Look below for the line containing "Na zdjęciu widać", then write out that line and every line after it to the end, exactly, minus the pictures.

* **Dataset content**:
* * * * * * * * *

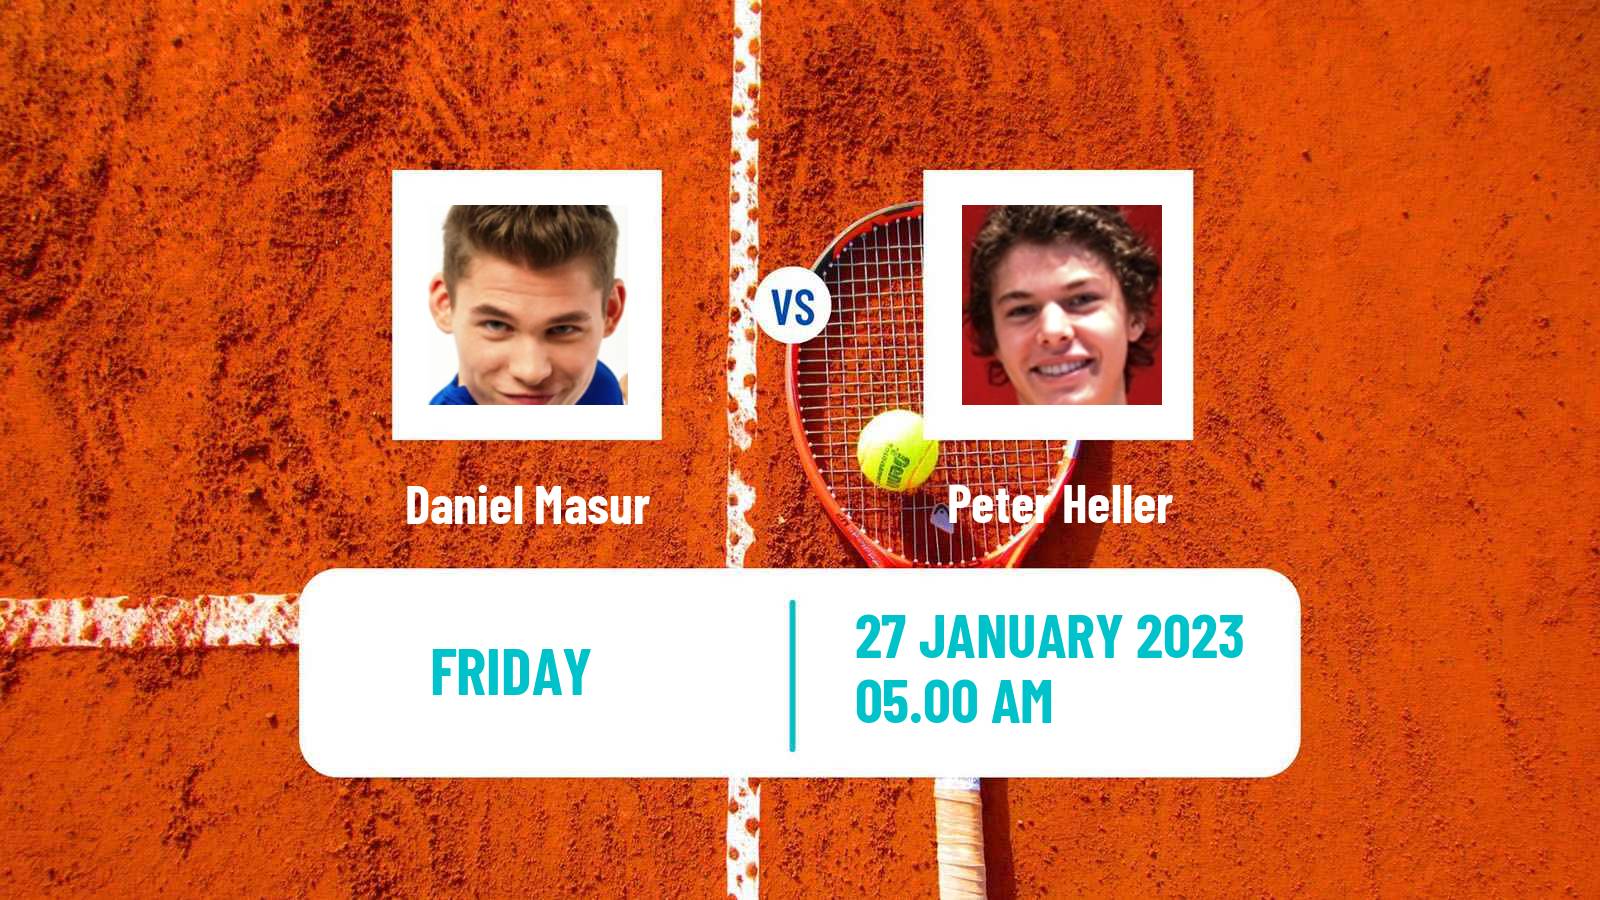 Tennis ITF Tournaments Daniel Masur - Peter Heller
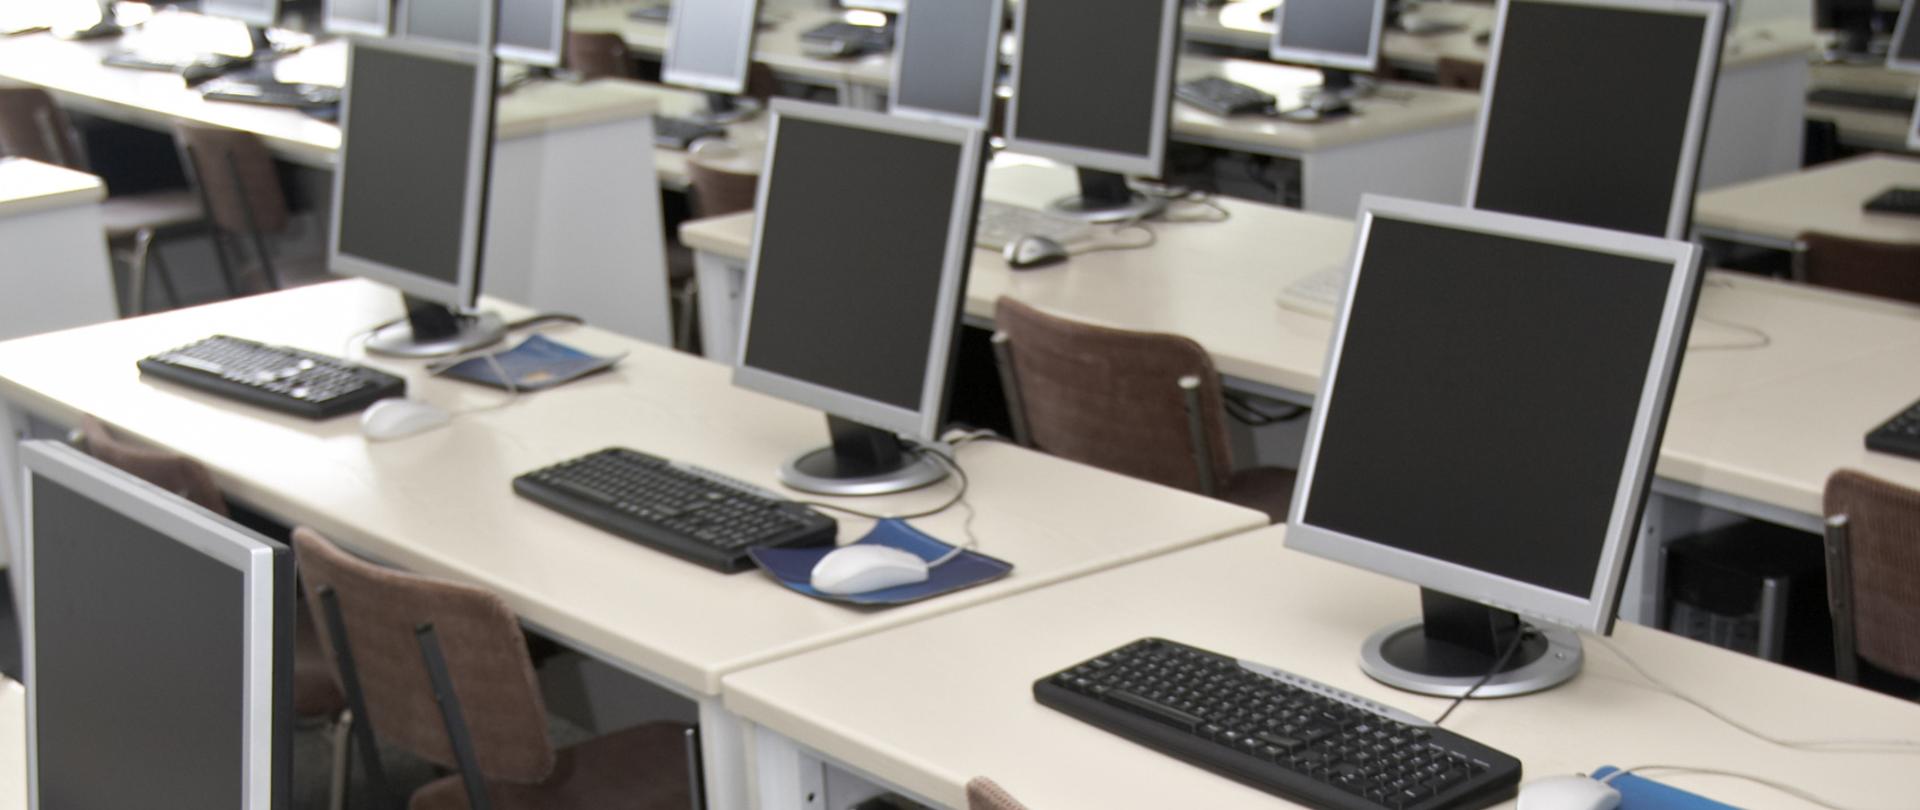 Na zdjęciu widać stanowiska komputerowe w sali lub klasie - biurka a na nich komputery.
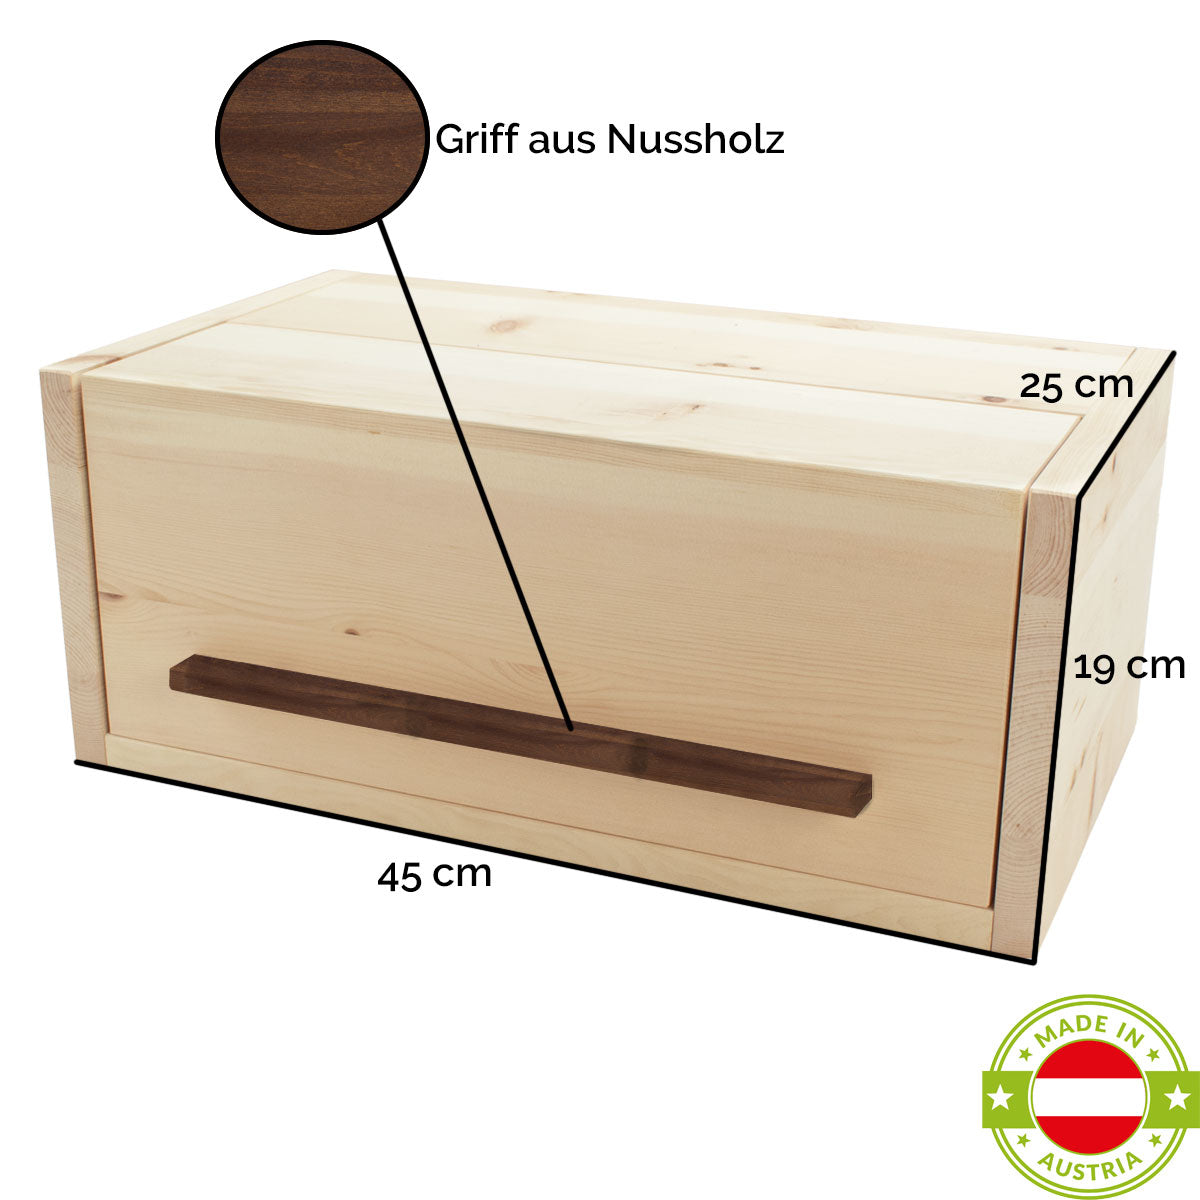 Brotkasten aus Zirbenholz | mit Nussgriff und Klappdeckel | 45 x 25 x 19 cm | inkl. Zirbenholz-Gitter |  Handwerk aus Österreich

* * * * * * * * *

* **Completed exercise**:
 Na zdjęciu widać stanowiska komputerowe w sali lub klasie - biurka a na nich komputery.
 Brotkasten aus Zirbenholz | mit Nussgriff und Klappdeckel | 45 x 25 x 19 cm | inkl. Zirbenholz-Gitter |  Handwerk aus Österreich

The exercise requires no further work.